Educación, la carreta y los bueyes

La semana pasada reflexionábamos en este mismo espacio al respecto de los estudiantes de excelencia. Lo hacíamos a partir de las cifras que reporta el quinto informe anual del gobernador, Eruviel Ávila, entregado precisamente el día de hoy. El tema central era que, sacando cuentas, los chicos a los que se había “premiado” (con la […]

La semana pasada reflexionábamos en este mismo espacio al respecto de los estudiantes de excelencia. Lo hacíamos a partir de las cifras que reporta el quinto informe anual del gobernador, Eruviel Ávila, entregado precisamente el día de hoy. El tema central era que, sacando cuentas, los chicos a los que se había “premiado” (con la entrega de una laptop) por ser “de excelencia” apenas representaban el 1% cada año. La cuestión discutida era si estamos apostándole a destinar recursos públicos para premiar a quienes excepcionalmente obtienen las más altas calificaciones, o si se debería reencausar ese dinero para generar condiciones educativas que no tengan a la excelencia por excepción sino por regla.

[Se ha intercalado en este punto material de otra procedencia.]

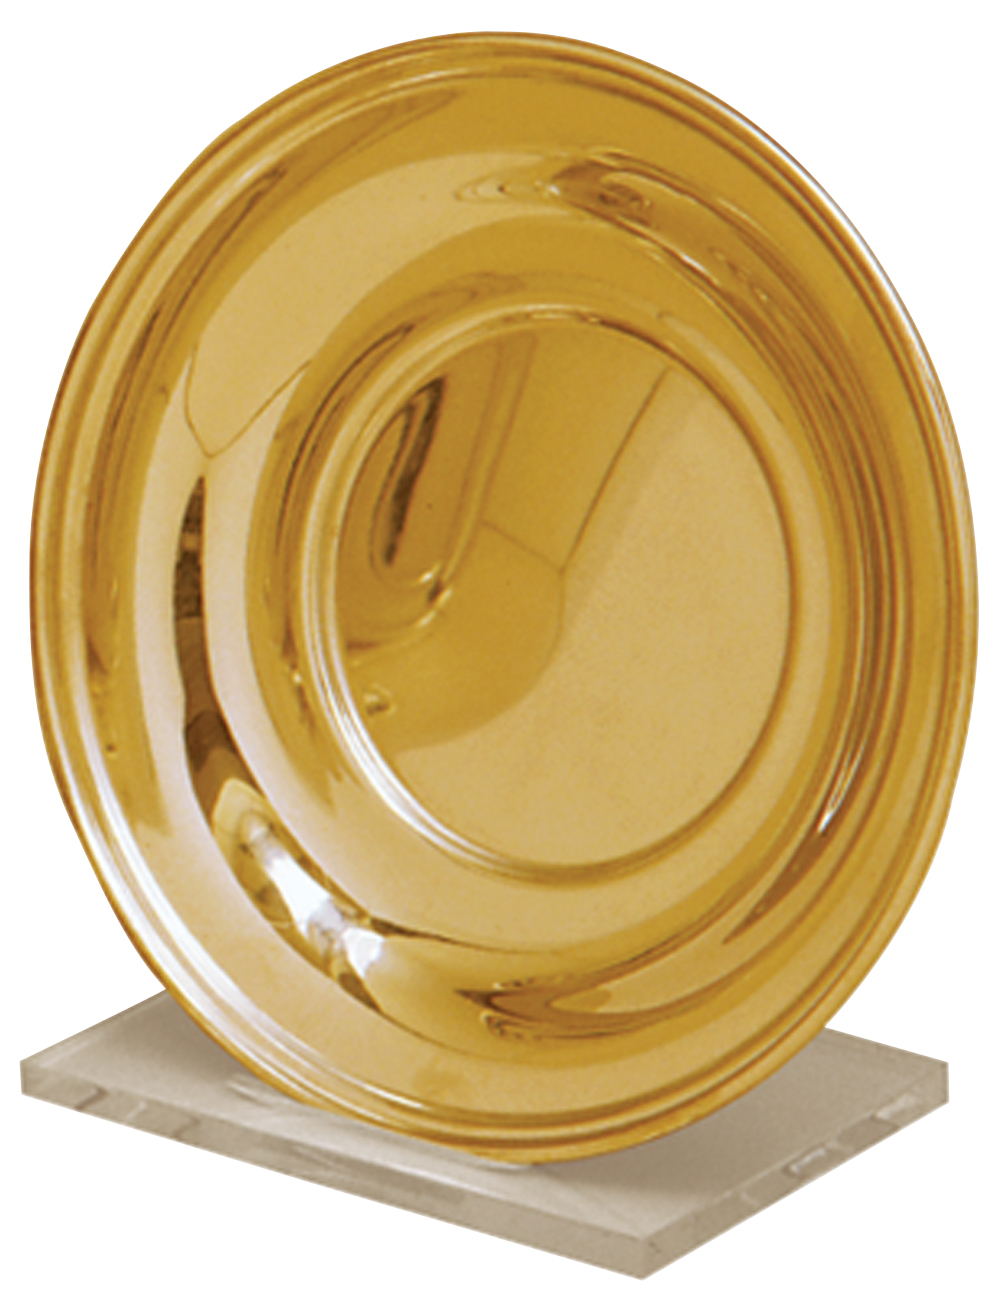 Scale Paten 6" Gold Plated Pewter K316
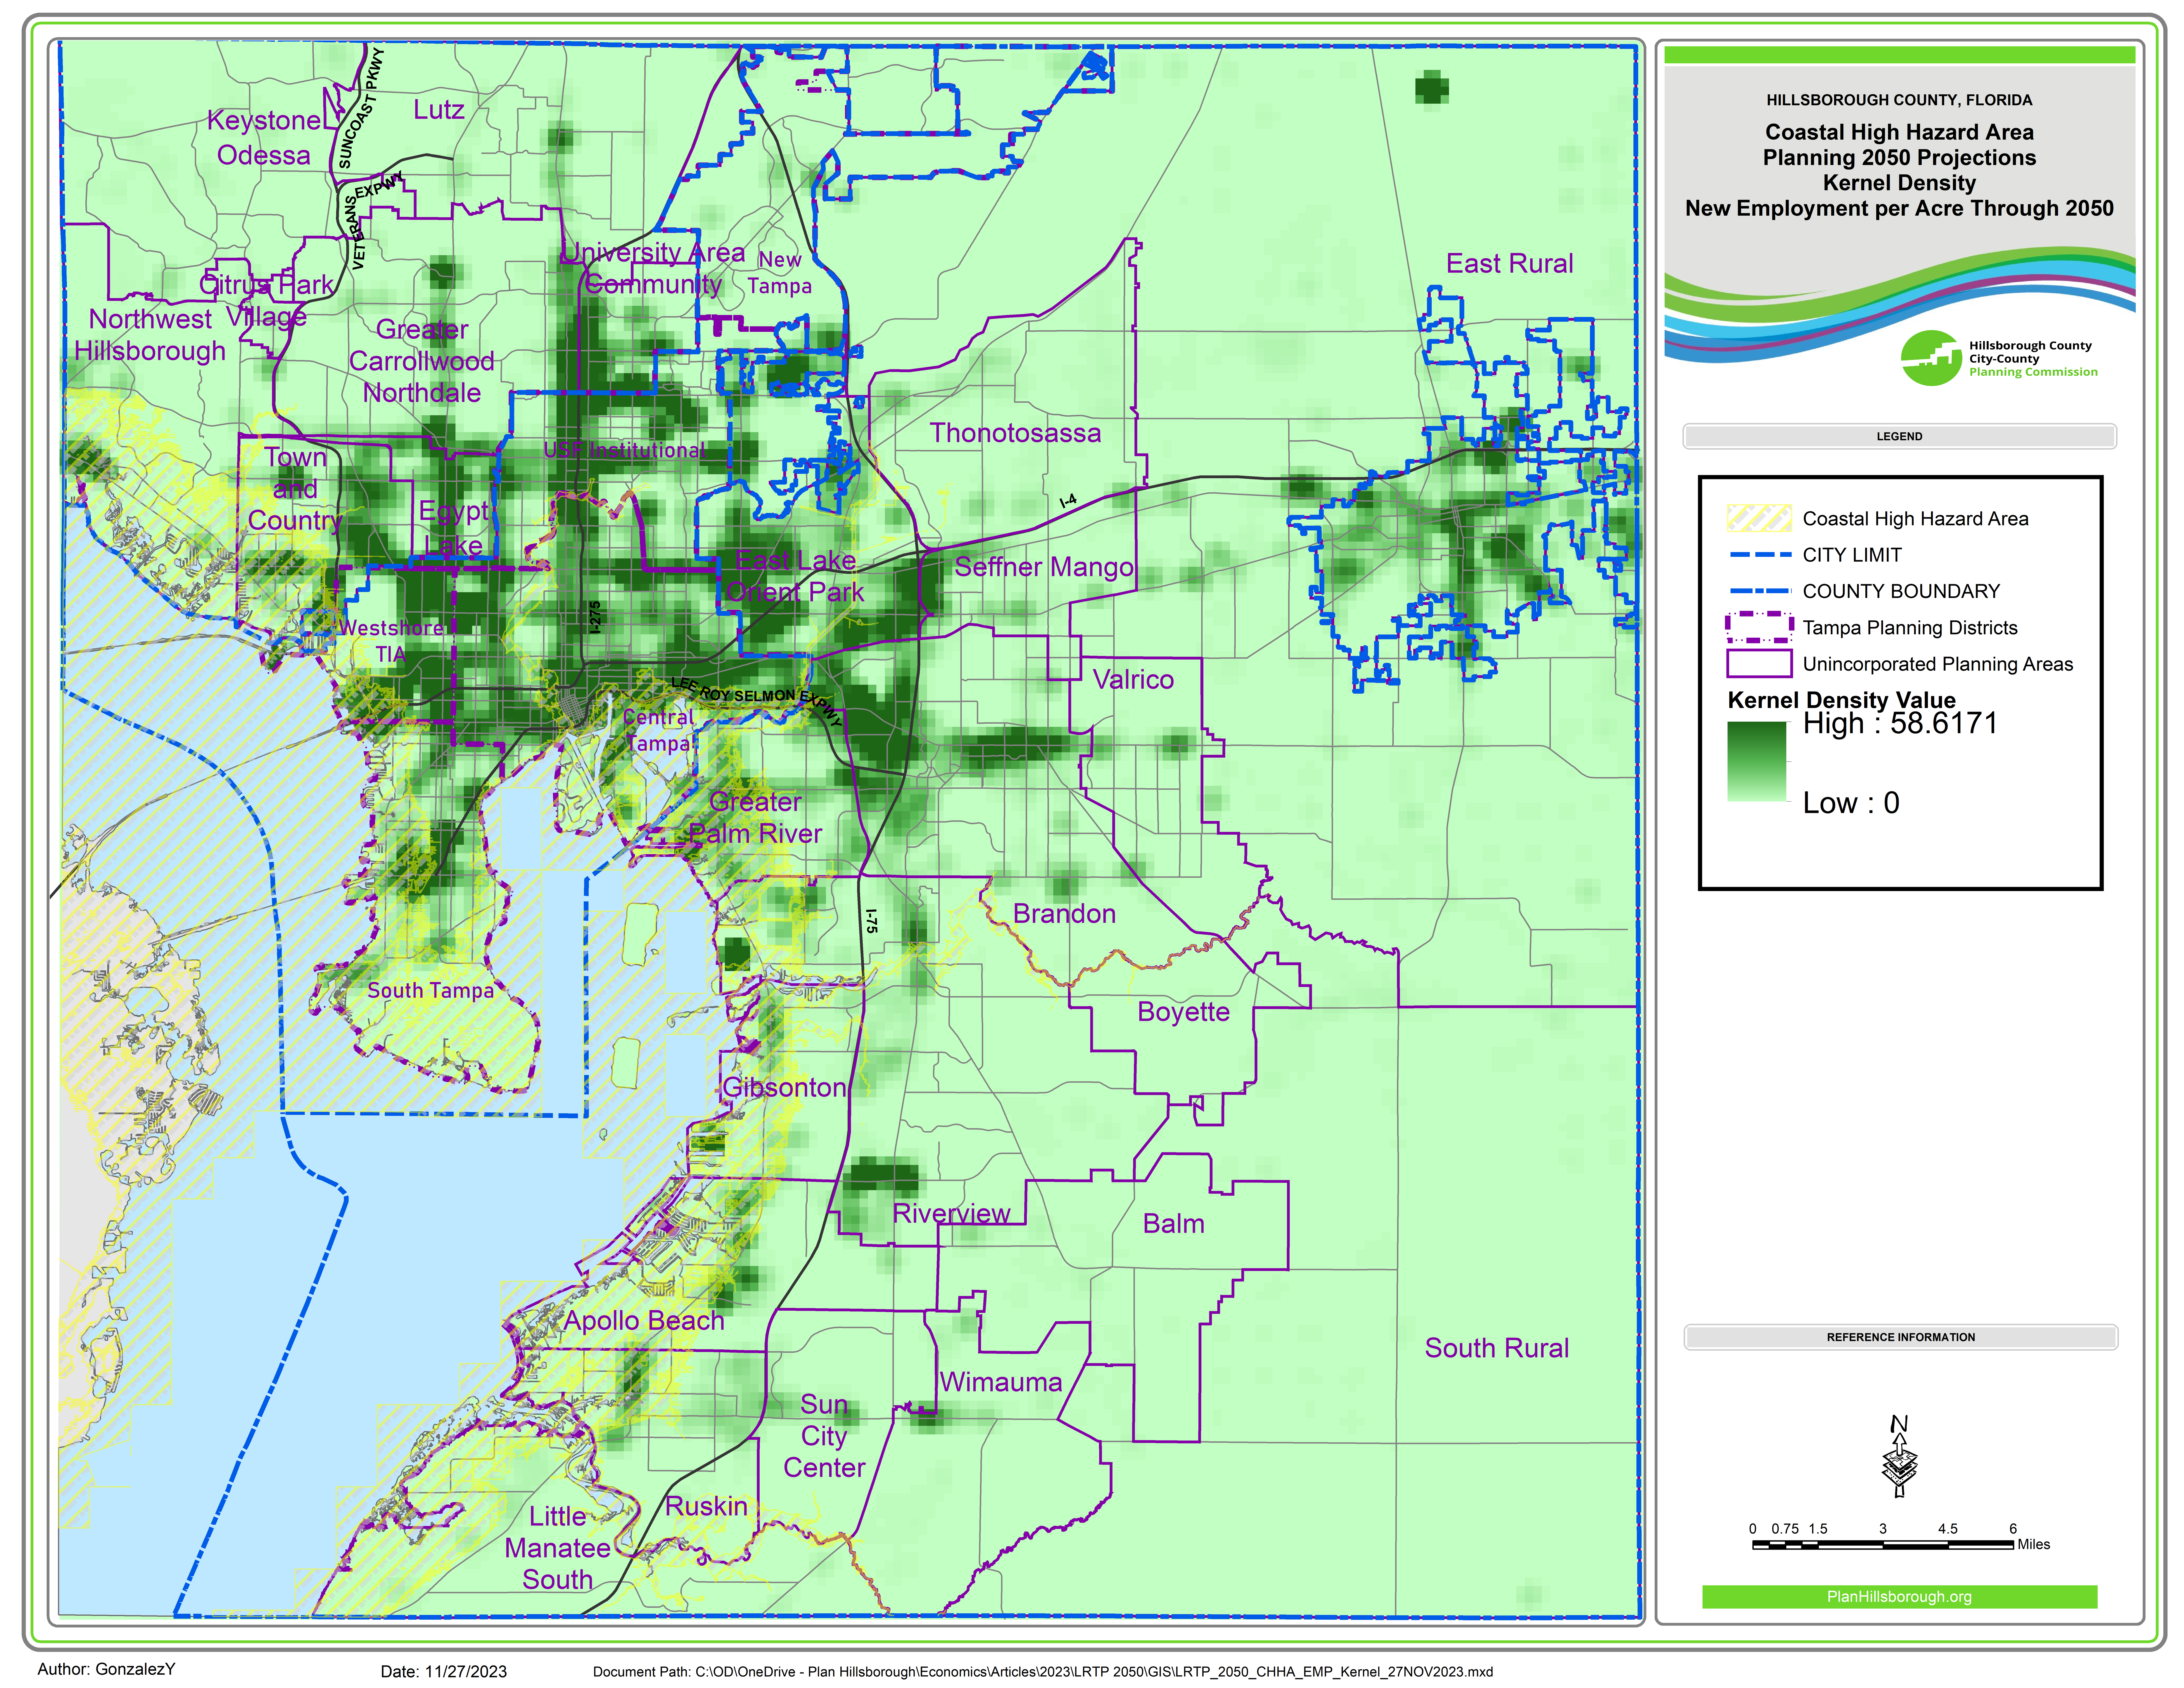 This map shows new jobs per acre through 2050 for Hillsborough County. The map shows Tampa's planning districts, UHC's unincorporated planning areas, and the coastal high hazard area (hatched). Darker green areas denote a higher number of new jobs per acre through 2050.

Los comentarios que recibía mi columna a través de redes sociales nos hacen volver a ese tema para revisar algunas cosas adicionales. En primer lugar es necesario señalar que el mecanismo de calificar a los estudiantes tiene la función de gestionar la carrera de cada uno de ellos, lo cual quiere decir que no necesariamente está midiendo capacidades y potencial, sino que está cumpliendo la labor administrativa de autorizar o no a cada estudiante a seguir el curso de una trayectoria escolar: apruebas, sigues; repruebas, te quedas.

Dado que el tipo de sociedad en que vivimos asigna funciones a diferentes sistemas que la integran, al educativo se le ha asignado una (no siempre grata) tarea de hacer selección social mediante prácticas pedagógicas. Básicamente se asigna al sistema educativo la tarea de promover aprendizajes entre la población joven y evaluar la asimilación de los mismos a través de distintos esquemas (el examen se ha mantenido en el centro por mucho tiempo).

En este marco, cuando la institución encargada de la educación en nuestro estado informa (a través del titular del ejecutivo) que de cada 100 estudiantes que hay en los niveles medio y superior sólo se “reconoció” en los últimos cinco años al 1% por ser “estudiantes de excelencia”, teniendo como evidencia su promedio de calificaciones, queda revelado de manera implícita que la gran mayoría de los estudiantes no tienen un buen nivel de desempeño, que no hay una garantía de que en las aulas se esté aprendiendo lo suficiente, a los ojos de la evaluación.

Otro tema es el que tiene que ver con si esos conocimientos y esa evaluación son los mecanismos adecuados para la selección social que lleva a cabo el sistema educativo, pues ocurre que muchos de esos “estudiantes de excelencia”, al concluir sus estudios terminan en el desempleo o subempleo. Igualmente merece atención aparte el asunto de la inclusión, pues según el INEGI hasta 42.6% de la población mexiquense que está entre los 3 y 30 años de edad no asistía a una institución educativa, siendo que es el rango de edad en donde se supone los niños y jóvenes deben estar en las aulas.

Entonces, la escuela lo que hace es gestionar la carrera de los individuos, ello se traduce en un mecanismo de selección social (que no es el único, pues económicamente ya se está excluyendo a muchos de entrar siquiera al sistema escolar) que abre la puerta para algunos pero la cierra para otros, y se vale de la evaluación para ello; cuando se toma a esta última como criterio central para reconocer y premiar, se corre el riesgo de que la realidad (el mundo laboral, el mercado, la vida misma) difiera en la calificación asignada y repruebe a nuestros jóvenes relegándolos a tener un panorama limitado de oportunidades.

Cuando se presenta como un resultado de la gestión gubernamental el haber “premiado” a los alumnos de excelencia es necesario detenerse a pensar si no se pone la carreta delante de los bueyes.